Rusia dan seorang pejabat militer Suriah juga membantah melakukan operasi apa pun terhadap kamp pengungsi Sarmada pada hari Kamis. Serangan udara di kamp tersebut, di daerah yang dikuasai pemberontak dekat perbatasan Turki, menewaskan sedikitnya 28 warga sipil, termasuk wanita dan anak-anak. Pejabat tersebut berbicara kepada AP di Damaskus dengan syarat anonimitas.
Berbicara kepada kantor berita Rusia pada hari Jumat, juru bicara Kementerian Pertahanan Igor Konashenkov mengatakan militer Rusia telah mempelajari data dari sistem pemantauan wilayah udara dengan cermat dan memastikan bahwa tidak ada pesawat yang terbang di atas kamp Sarmada pada hari Rabu atau Kamis.

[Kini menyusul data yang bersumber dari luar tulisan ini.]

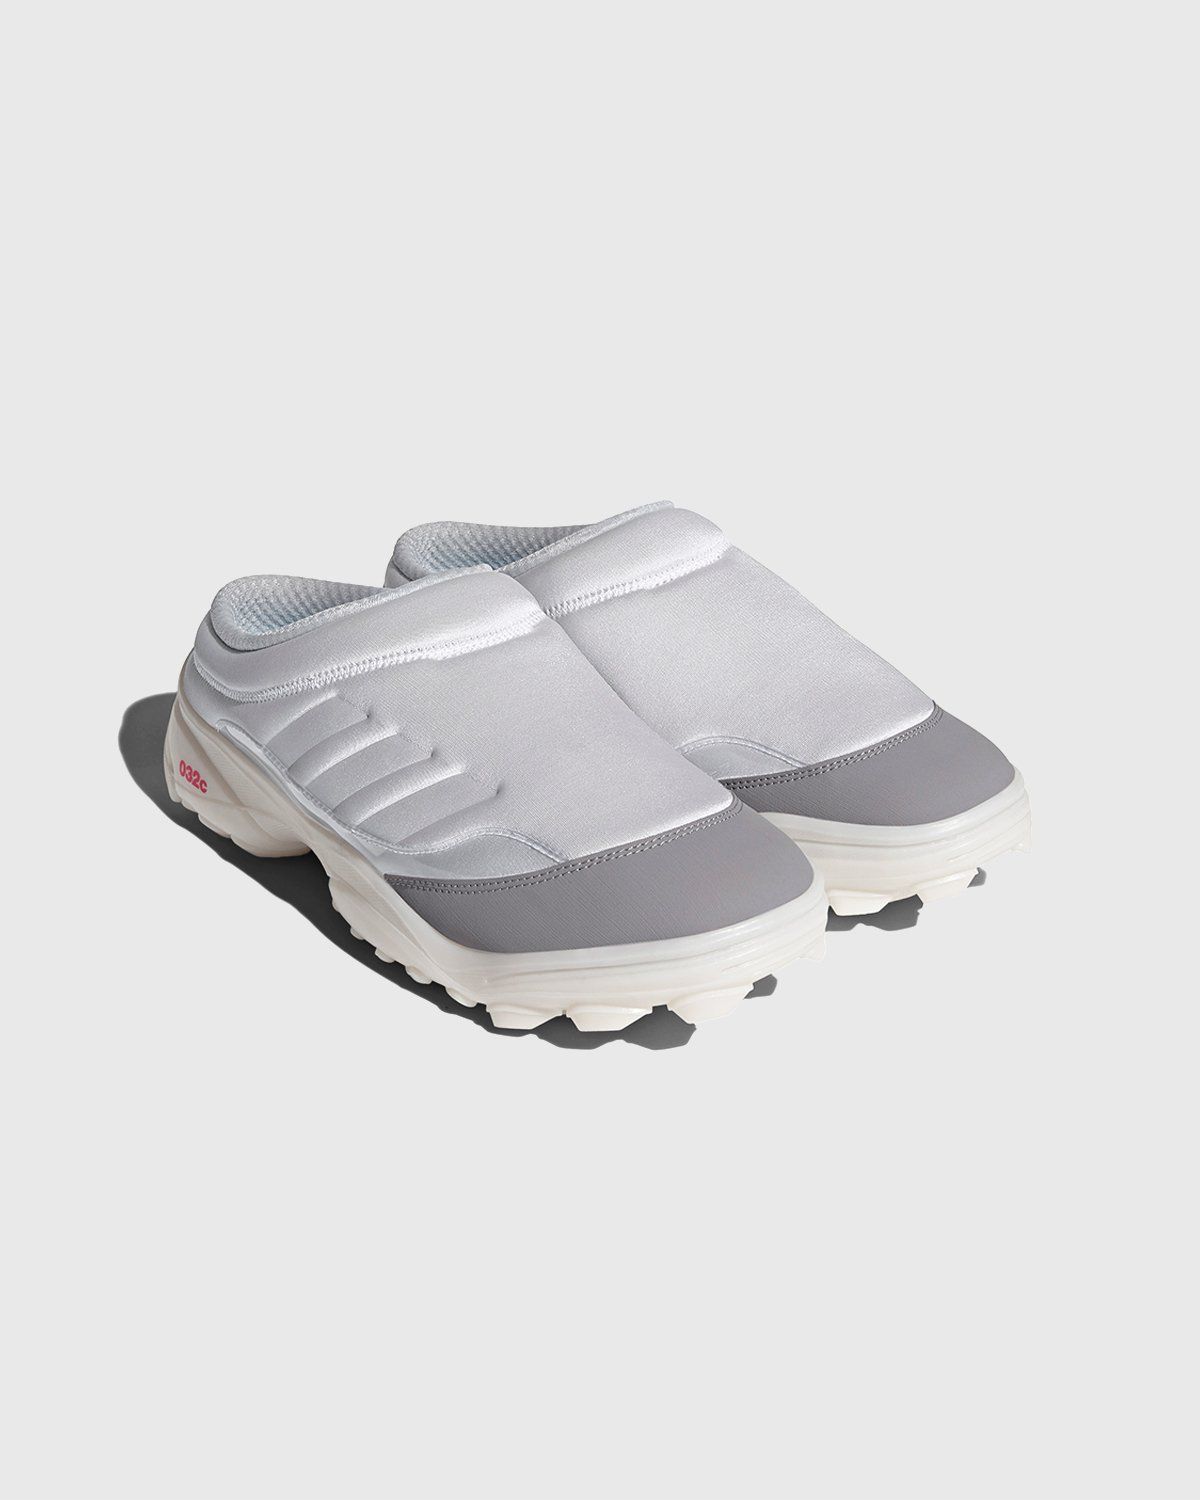 Adidas x 032c – GSG Mule Greone - Shoes - White - Image 3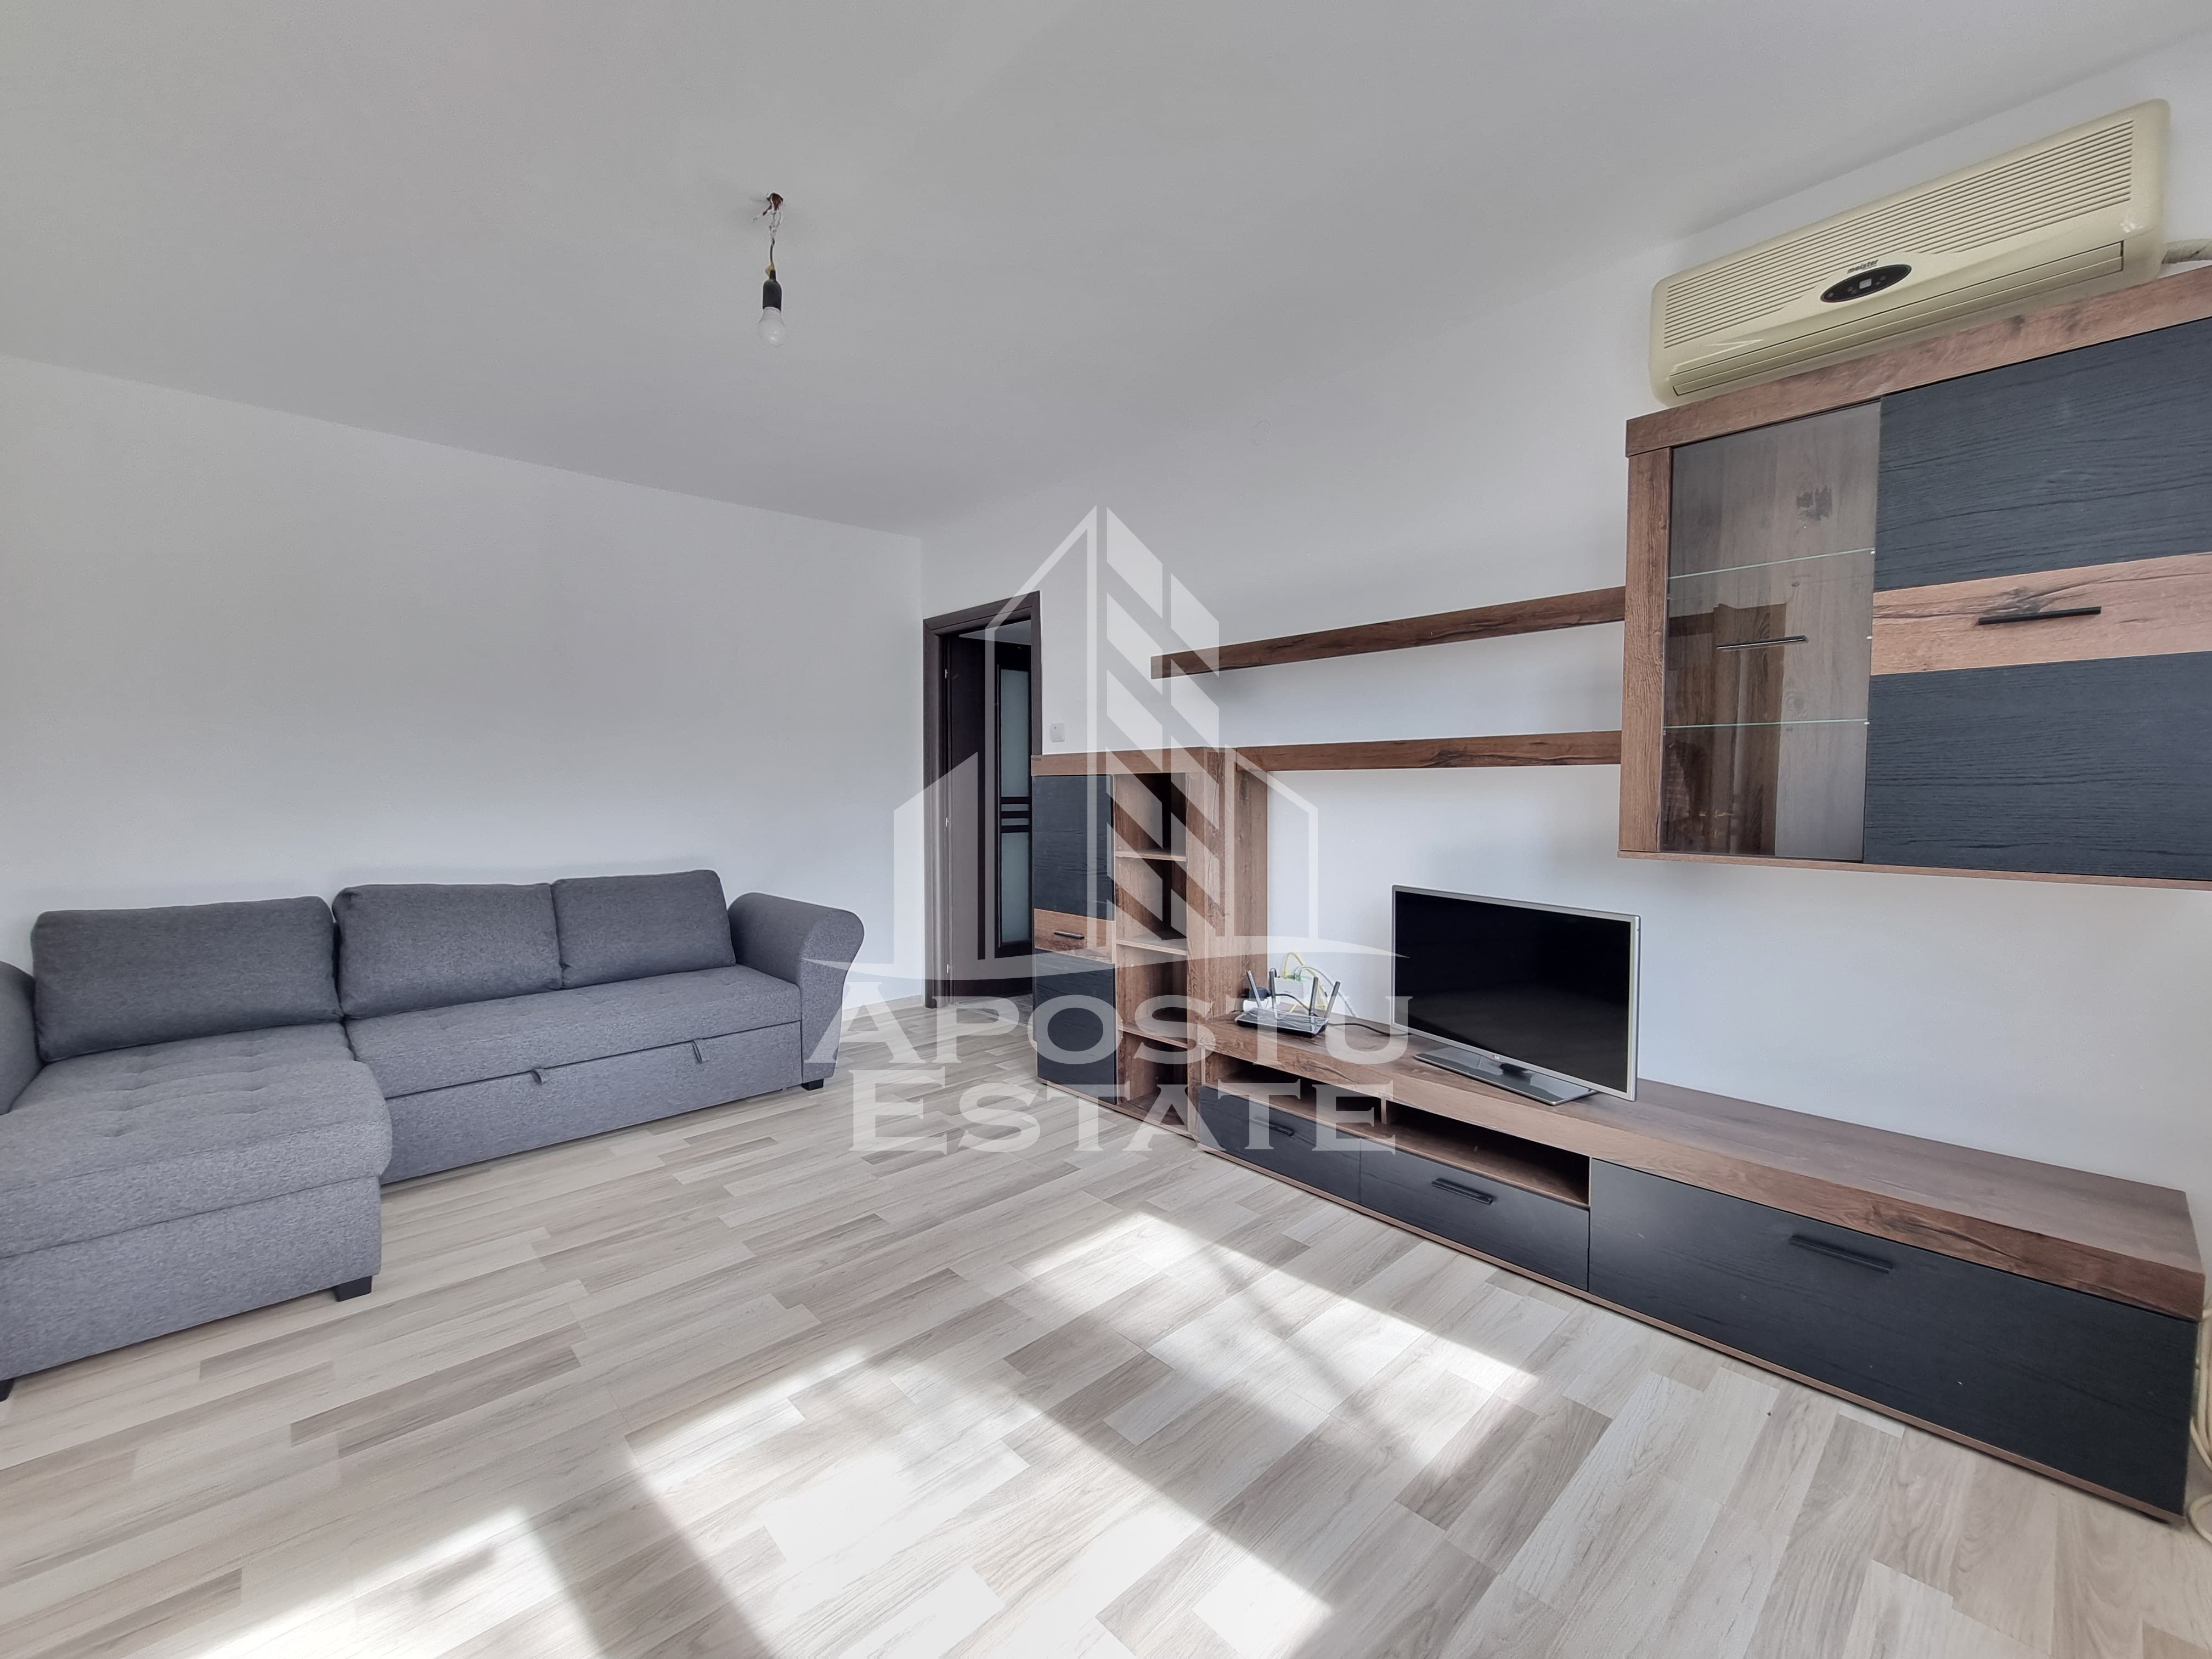 Apartament cu 2 camere, renovat, etaj intermediar, zona Dacia

Konashenkov mengatakan kehancuran yang terlihat dalam foto dan video menunjukkan bahwa kamp tersebut mungkin terkena serangan, baik disengaja atau tidak, dari beberapa peluncur roket yang digunakan Front Nusra di daerah tersebut.
Associated Press berkontribusi pada laporan ini.